Didn’t We Already Do That?

When you are in the API game you hear this phrase a lot, “didn’t we already do that?”. It is a common belief system that because something was already done, that it means it will not work ever again. When you are operate solely in a computational world, you tend to see things as 1s and 0s, and if something was tried and “didn’t work”, there is no resetting of that boolean switch for some reason. We excel at believing things are done, without ever unpacking why something failed, or how the context may have changed.

One of the things I’m going to do over the next couple months is go through the entire SOA toolbox and take accounting of everything we threw away, and evaluate what the possible reasoning were behind it—-good and bad. I strongly believe that many folks who abandoned SOA, willingly or unwillingly, and especially the people who enjoy saying, “didn’t we already do that”, haven never spent time unpacking why we did, why it didn’t work, let alone whether or not it might work today. I think this paradigm reflects one of the fundamental illnesses we encounter in the tech sector-—we have a dysfunctional and distorted relationship with the past (this is by design).

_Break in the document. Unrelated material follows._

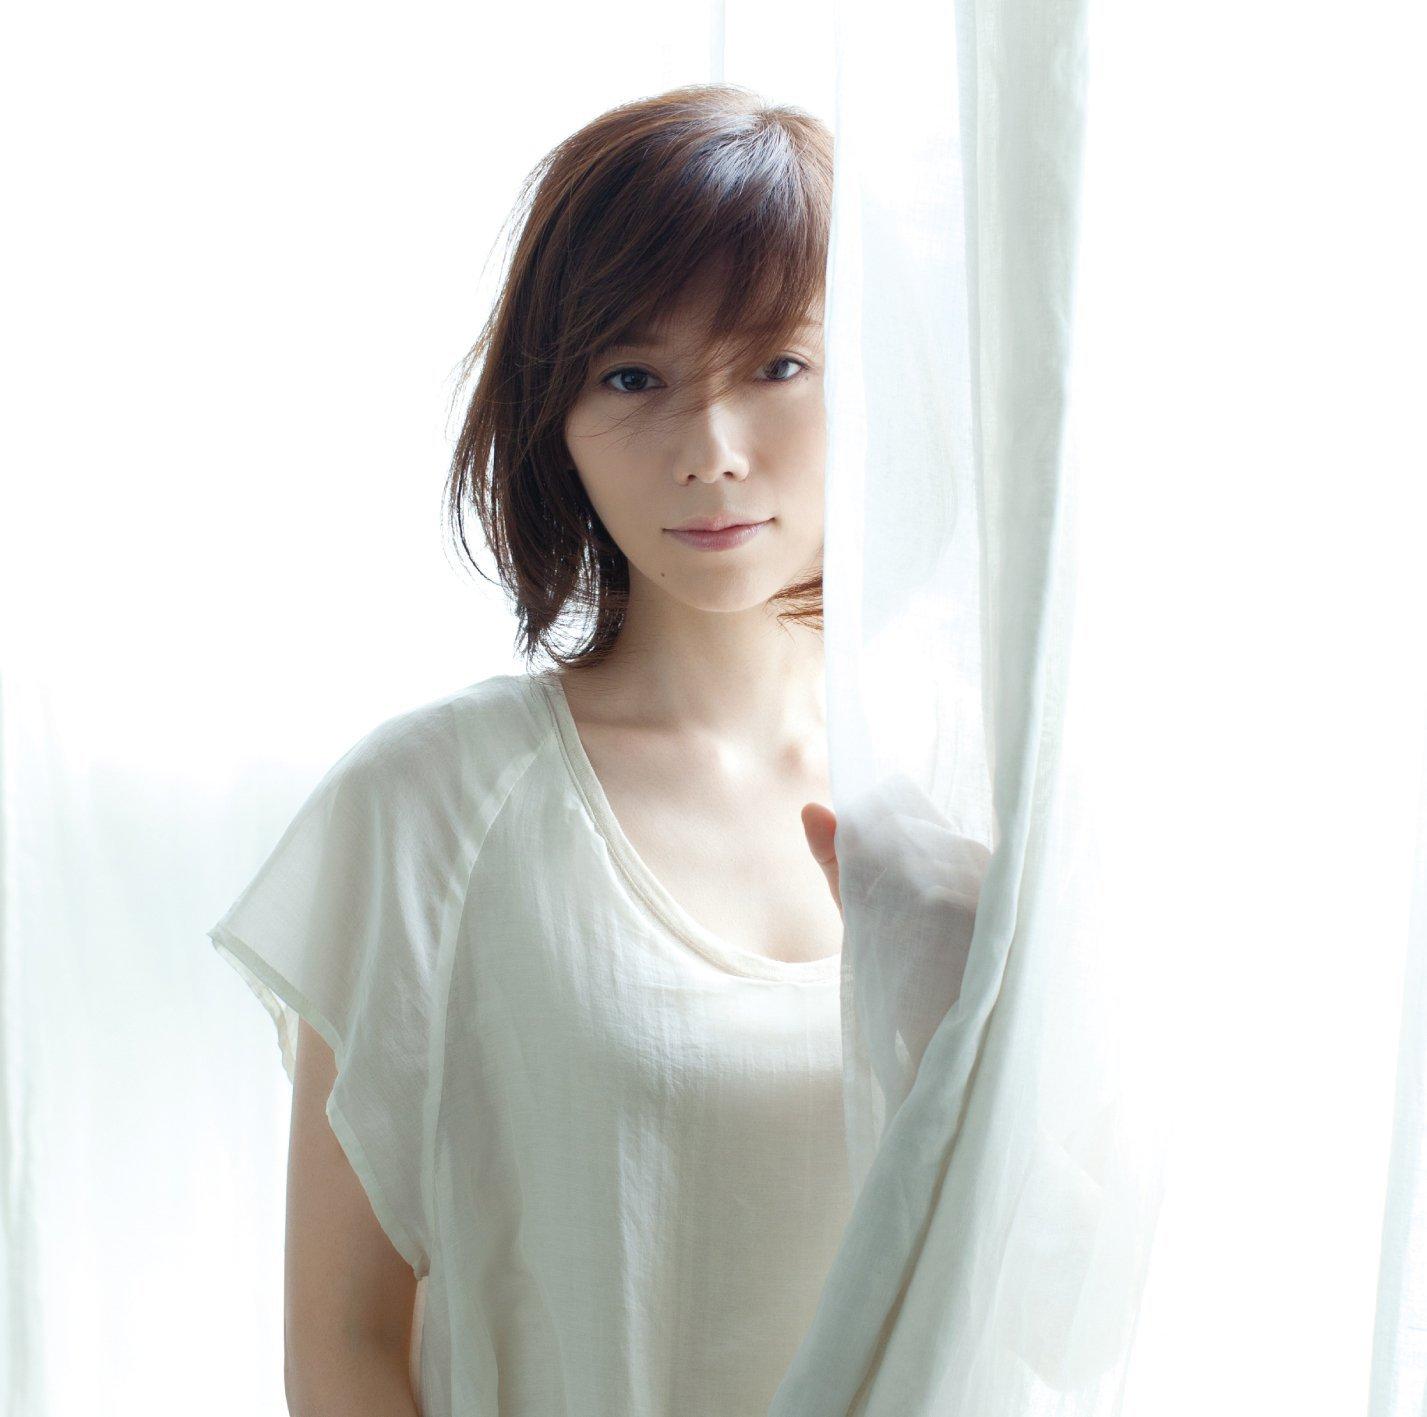 裕木奈江の画像 p1_23

I’ve written about this before, but I’ll say it again. Can you imagine saying, “didn’t we already do that” about other non-technical things. Fashion. Art. Music. Stories. Law. Why do we say it in technology? When it comes to SOA, there are many reasons why it didn’t work overall, and most of the reasons were not technical. So why would we not want to re-evaluate some of the technologies and practices to see if there would be a new opportunity to apply an old pattern or approach? This question isn’t just something I’ve heard a handful of times. There have been literally a hundred plus blog posts on API Evangelist where people have commented this—-especially when it comes to JSON Schema and OpenAPI.

Anyways. I’m going to revisit my SOA history. My therapist said enough time has past and I’ve healed properly, so I can begin digging around in this part of my past. I’m guessing there are a lot of practices, tooling, and patterns we can rethink in a JSON, YAML, containerized, CI/CD, cloudy world. Alongside this work I’m going to be assessing what the preferred open source tool are for the API lifecycle, making sure it represents my vision of a diverse API toolbox, tracking on tooling for JSON Schema, OpenAPI, and AsyncAPI that will help us service the entire API lifecycle for both internal and external API delivery. There is a lot of work that has been done in the past that we should be learning from, and I’m more than happy to dive in, do the research, and shine a light on what we’ve left behind.